• _INSTRUCTIONS FOR THE TASK_
Make an exact copy of the whole listing, but leave its pictures out.

• _AVAILABLE DATA_

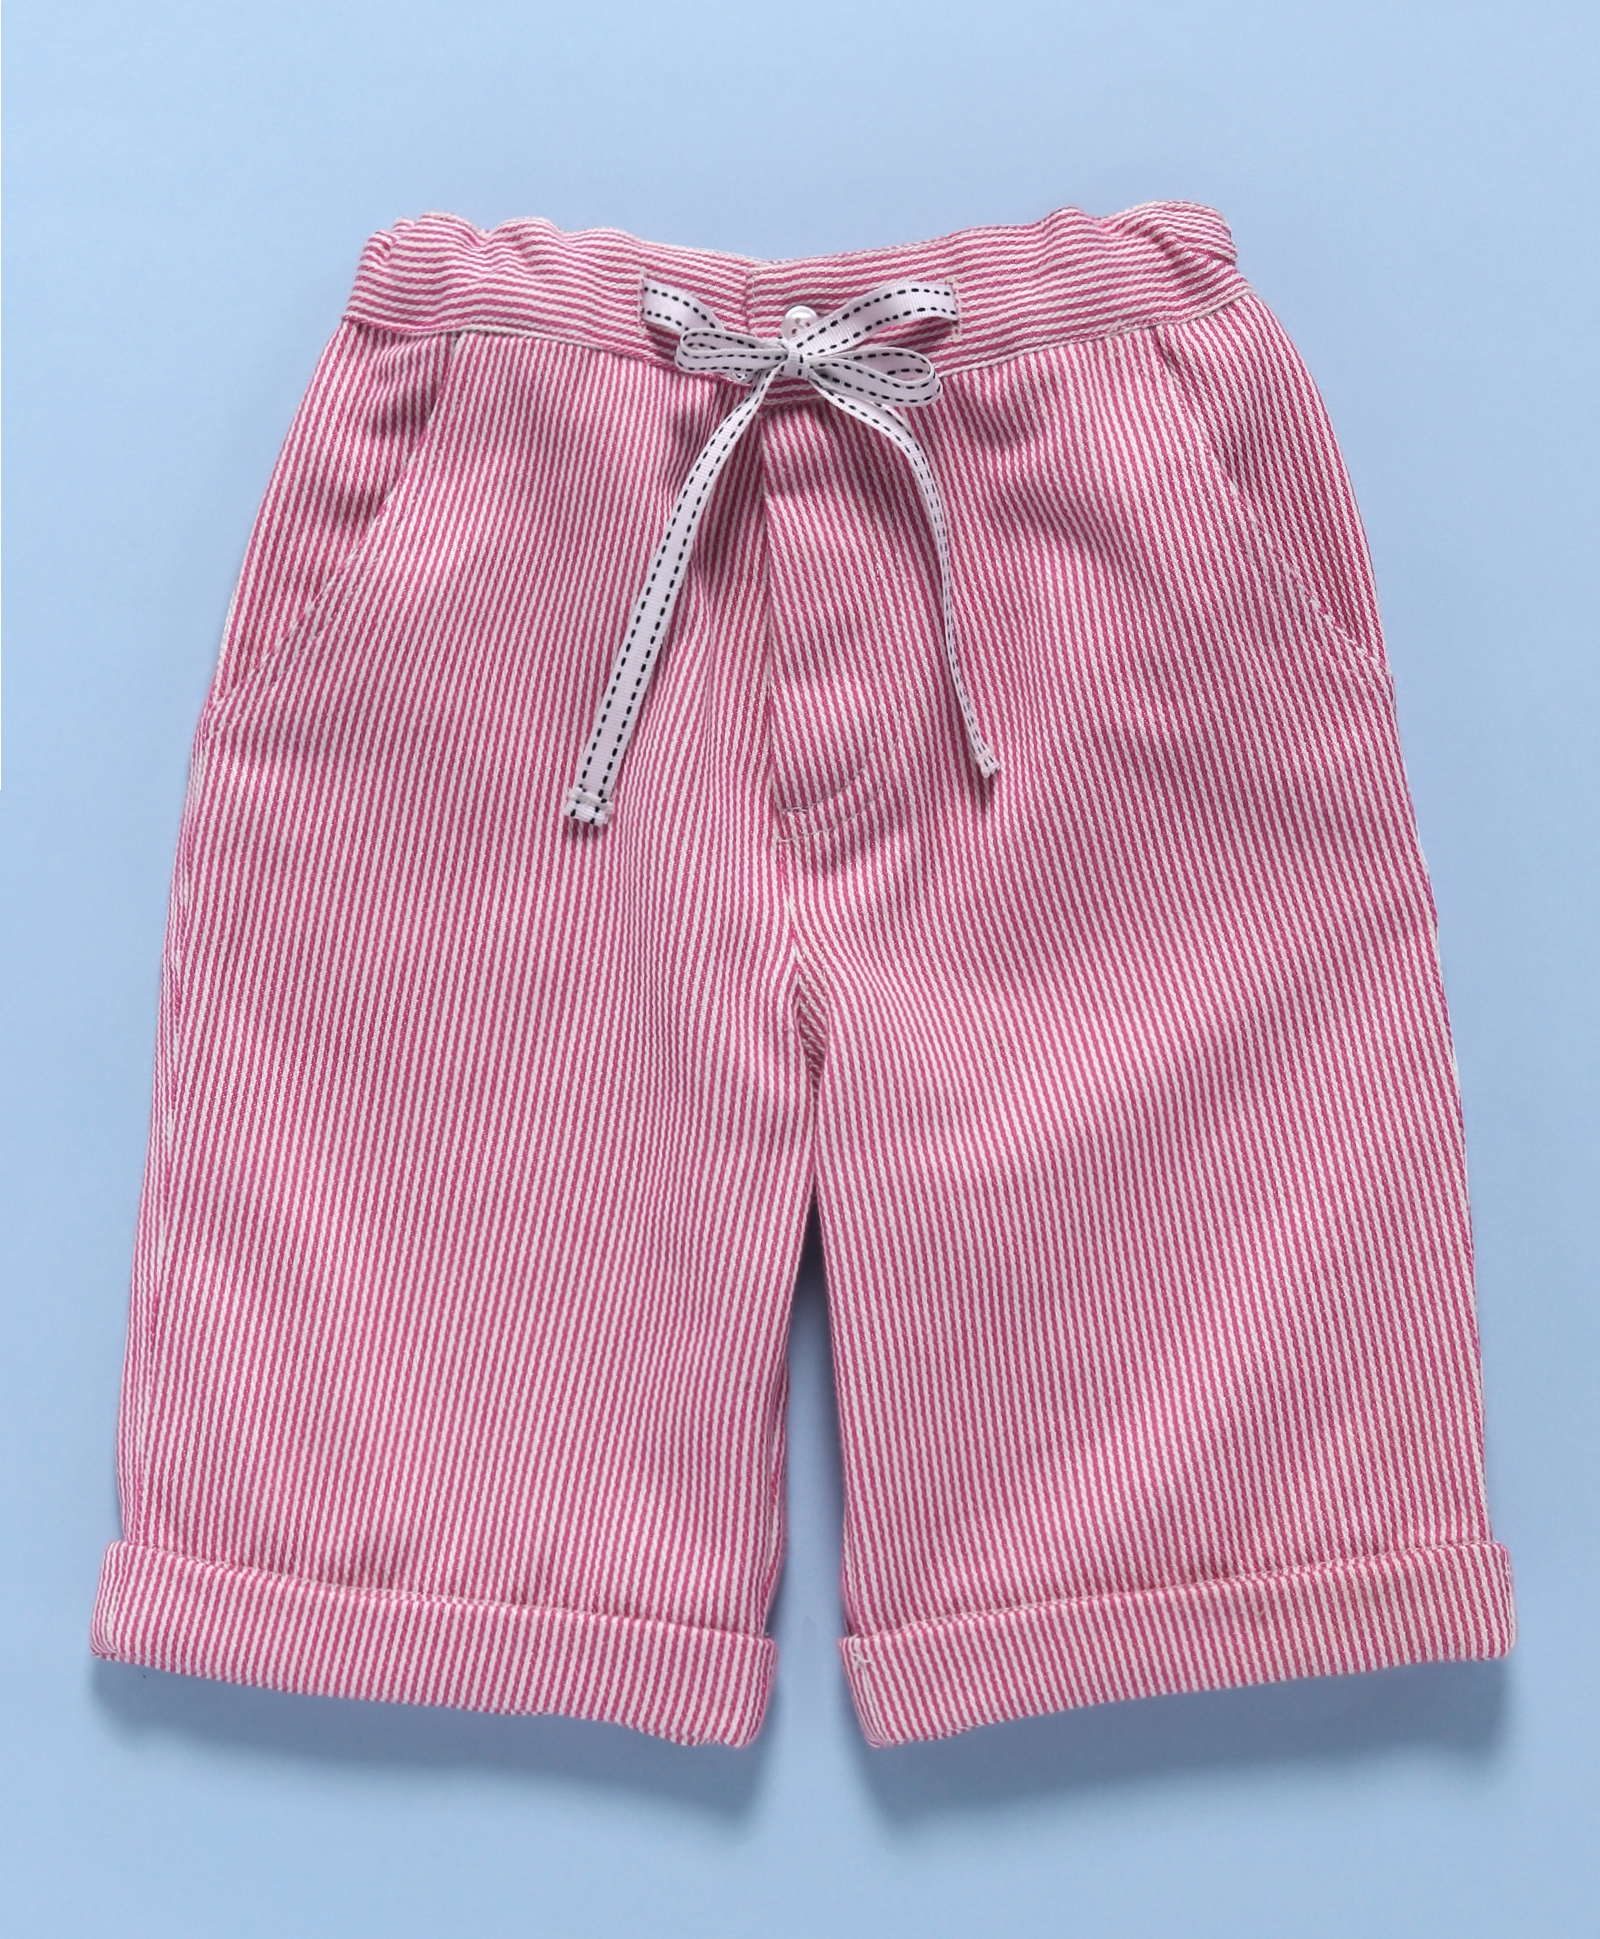 Popsicles Clothing | Popsicles Bubblegum Shorts Regular Fit For Boys
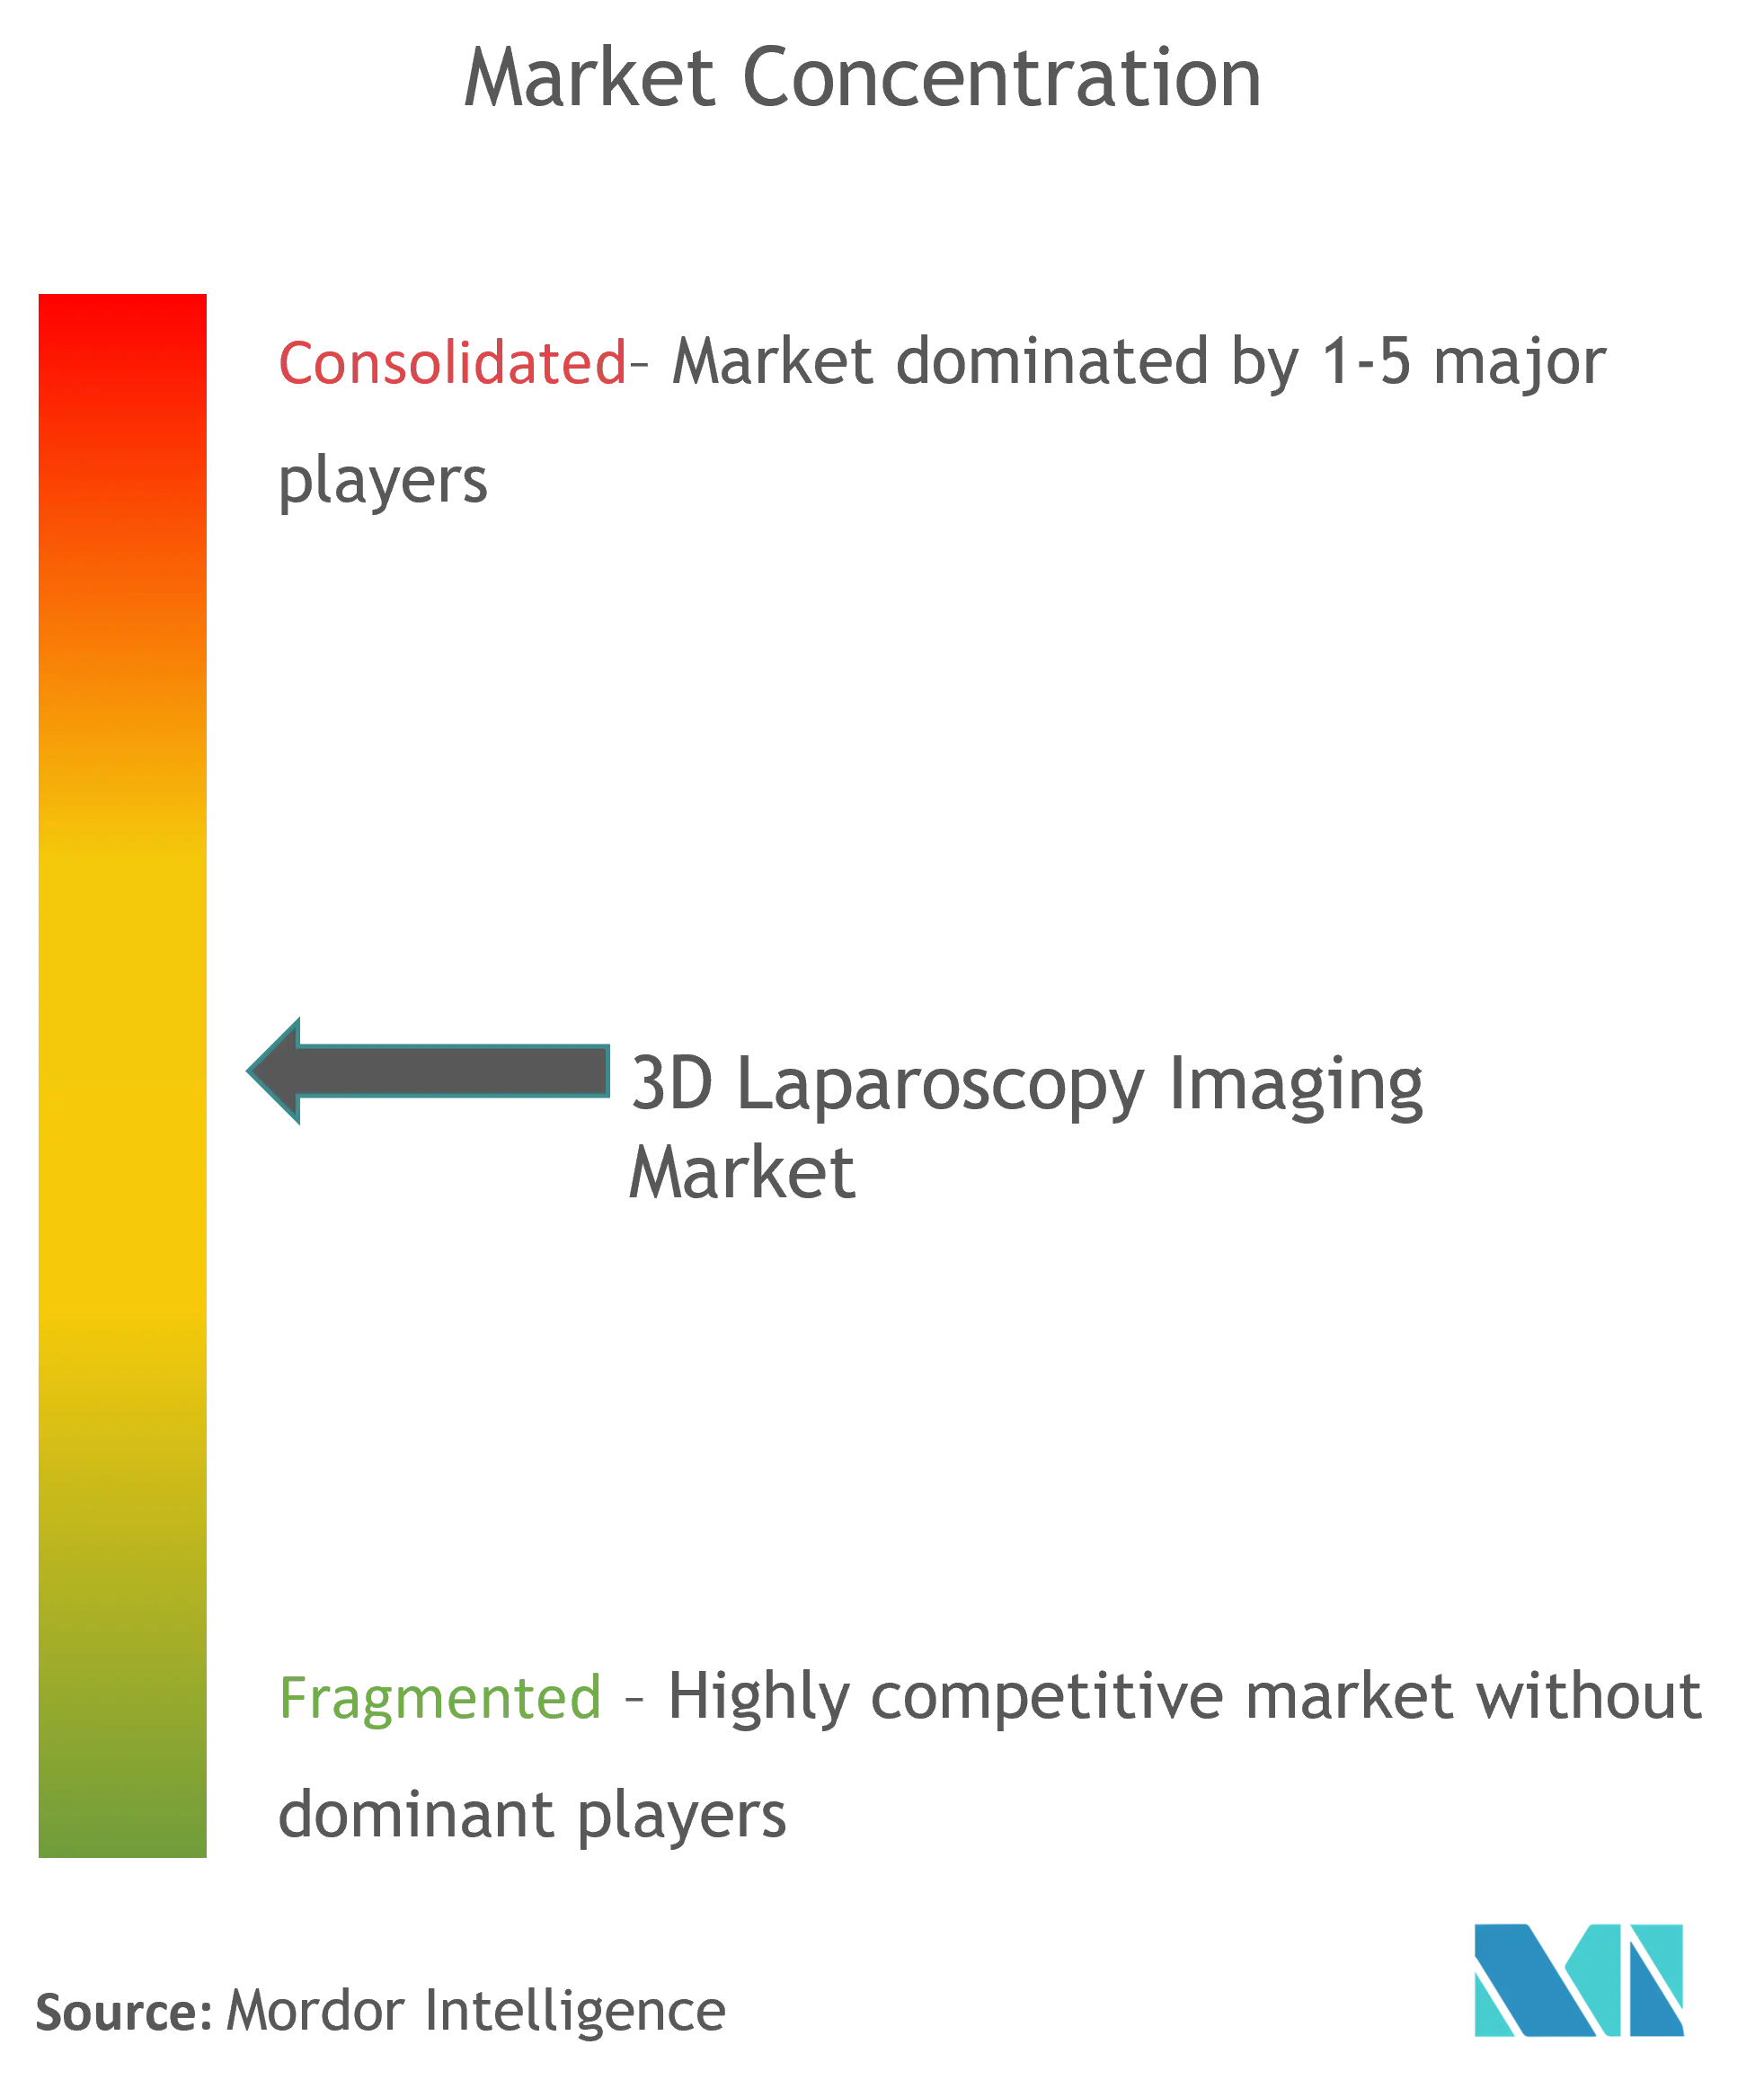 Global 3D Laparoscopy Imaging Market Concentration
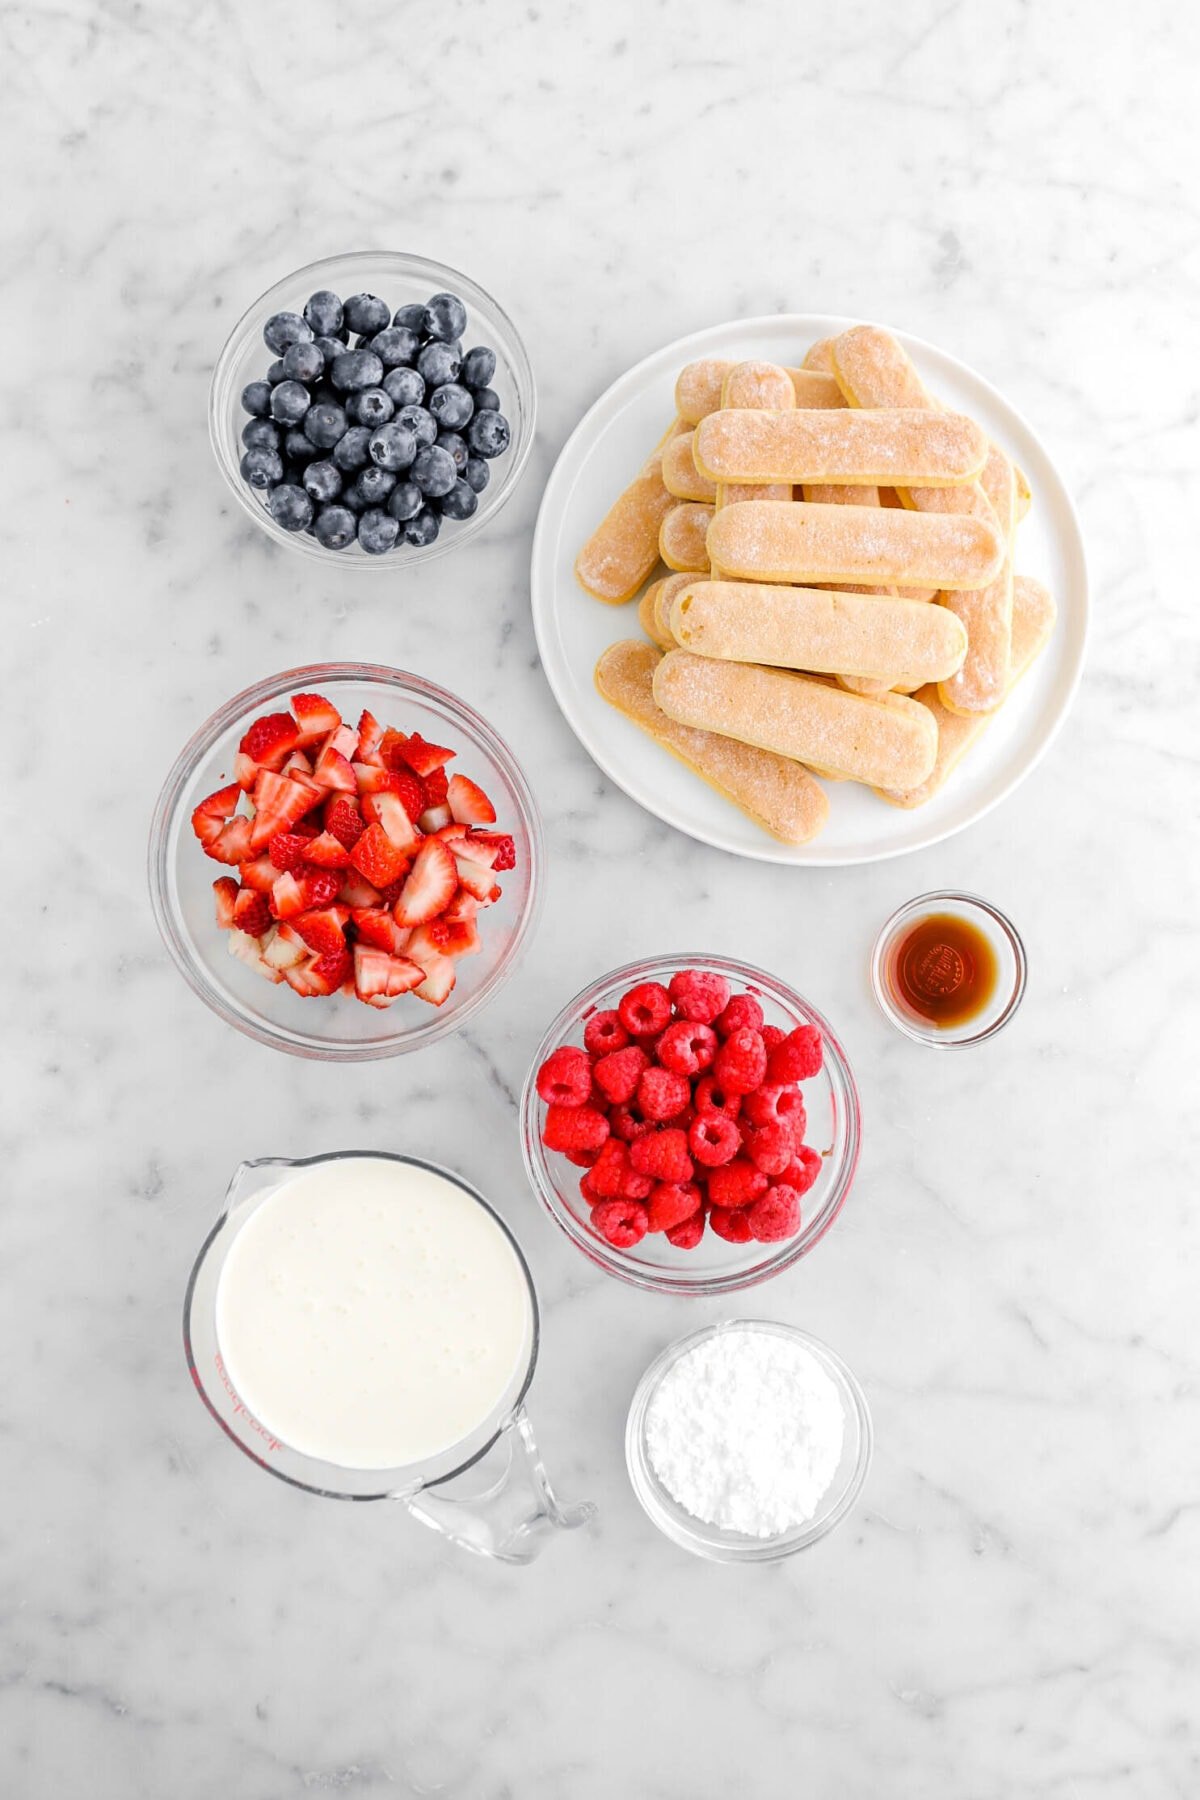 blueberries, ladyfinger cookies, chopped strawberries, raspberries, vanilla, heavy cream, and powdered sugar on marble surface.

• _TASK SOLUTION_
 Popsicles Clothing | Popsicles Bubblegum Shorts Regular Fit For Boys
 Global 3D Laparoscopy Imaging Market Concentration
 blueberries, ladyfinger cookies, chopped strawberries, raspberries, vanilla, heavy cream, and powdered sugar on marble surface.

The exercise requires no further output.